If it’s an annoyance, makes you too neurotic about your training, or makes you adjust training unnecessarily:
If you just dread the extra demand of logging and/or it makes you obsess to the point of taking the joy out of training, then don’t worry about it. Just train in the way you intend to and make sure it’s consistent and imposes the stress you need for the adaptations you desire. Also, tracking things like your readiness to train, sleep time and quality, and other variables such as heart rate variability, etc can be interesting to reflect on, but I don’t believe you need to use that data to inform training that day. How you feel does not always reflect how you need and are able to train that day. I really don’t agree with making any training adjustments based on those metrics because your training can go completely different from what those metrics would indicate.
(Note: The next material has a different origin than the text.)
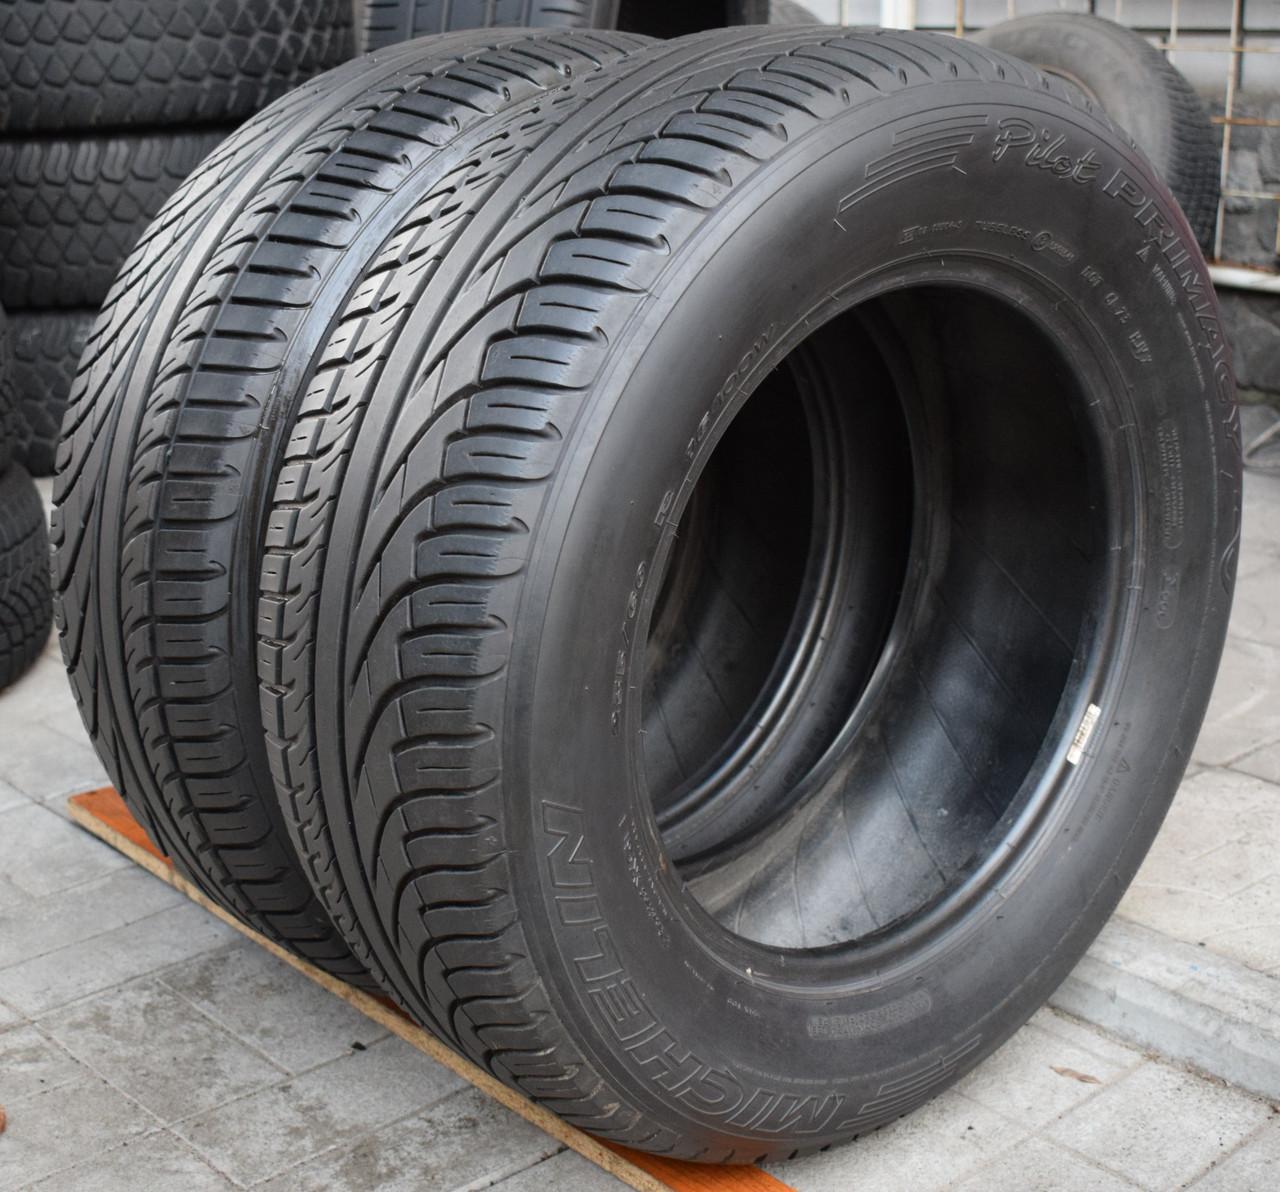 Шины б/у 235/60 R16 Michelin Pilot Primacy, ЛЕТО, 6-7 мм, пара

If your data suggests pulling back but you could’ve done just fine doing the planned training or even pushing harder, then you’ve unnecessarily robbed yourself of a training stimulus you should have gotten based on metrics you’re tracking that don’t reliably indicate performance. On the other hand, if your data suggests pushing training but you find out once you start training that this is not appropriate and you are not up to this, then you could risk making poor training decisions and potentially negatively impacting your progress or getting hurt based on the misleading data. It can be helpful to look back on how a period of training went or if an issue has arisen and see trends of things like session RPE, sleep, training readiness, etc to see if there is any insight, but this is for reflective analysis, not to be used as prescriptive data.
Bottom Line:
Over the years I have become less neurotic about logging training. I used to think every aspect of any data from training needed to be logged and analyzed. However, I’ve learned over time that it can lead to being way too neurotic about it and that past training results often are not repeatable since our lives and training responses are so dynamic, multifactorial, and constantly changing. I’ve learned it’s more about making sure your plan aligns with what you want to train towards and consistently doing this over and over again. You only need to log what helps ensure you are consistently going in the right direction. When you know what sets, reps, frequency, lifts, etc need to be for strength and/or hypertrophy, then you just need to make sure you are doing those things in a way that imposes the specific stress you need over and over again. The exact weight on the bar you logged last time, today, or next time doesn’t mean that much unless it matches what you need for the desired stress that session. I still do believe some sort of a training log is important, but I don’t think you need to log every little detail, constantly analyze and use that data to inform your next training session or block, etc. like I used to. Ultimately I would recommend some way of keeping track of your training that is tailored to how specific or non-specific you want to make it-do what works for you and your situation.